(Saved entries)
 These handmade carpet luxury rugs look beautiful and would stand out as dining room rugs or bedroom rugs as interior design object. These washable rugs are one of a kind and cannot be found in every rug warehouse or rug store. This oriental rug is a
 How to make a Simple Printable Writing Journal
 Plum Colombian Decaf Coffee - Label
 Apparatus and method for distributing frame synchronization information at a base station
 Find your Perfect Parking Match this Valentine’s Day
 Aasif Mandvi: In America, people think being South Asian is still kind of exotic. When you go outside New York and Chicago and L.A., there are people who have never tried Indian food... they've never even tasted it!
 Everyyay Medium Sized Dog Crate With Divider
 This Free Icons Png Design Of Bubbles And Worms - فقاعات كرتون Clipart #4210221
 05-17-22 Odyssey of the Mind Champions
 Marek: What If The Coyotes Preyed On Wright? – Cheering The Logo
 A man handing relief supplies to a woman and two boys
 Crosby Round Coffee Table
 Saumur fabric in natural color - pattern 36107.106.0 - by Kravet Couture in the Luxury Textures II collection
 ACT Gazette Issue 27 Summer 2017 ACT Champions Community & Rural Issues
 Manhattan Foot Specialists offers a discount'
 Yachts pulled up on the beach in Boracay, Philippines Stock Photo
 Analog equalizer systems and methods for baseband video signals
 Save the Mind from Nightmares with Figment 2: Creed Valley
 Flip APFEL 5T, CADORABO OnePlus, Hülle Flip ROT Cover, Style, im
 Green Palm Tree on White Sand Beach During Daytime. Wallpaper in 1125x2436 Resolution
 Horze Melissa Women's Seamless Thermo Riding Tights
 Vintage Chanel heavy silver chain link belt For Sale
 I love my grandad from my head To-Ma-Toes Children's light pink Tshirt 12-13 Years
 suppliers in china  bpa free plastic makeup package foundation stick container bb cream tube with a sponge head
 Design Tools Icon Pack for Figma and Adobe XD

→ WORK ORDER:
Look above and repeat, character for character, the lines from the first one to the line with "How to make", counting both.

→ RESULT OF THIS TASK:
 These handmade carpet luxury rugs look beautiful and would stand out as dining room rugs or bedroom rugs as interior design object. These washable rugs are one of a kind and cannot be found in every rug warehouse or rug store. This oriental rug is a
 How to make a Simple Printable Writing Journal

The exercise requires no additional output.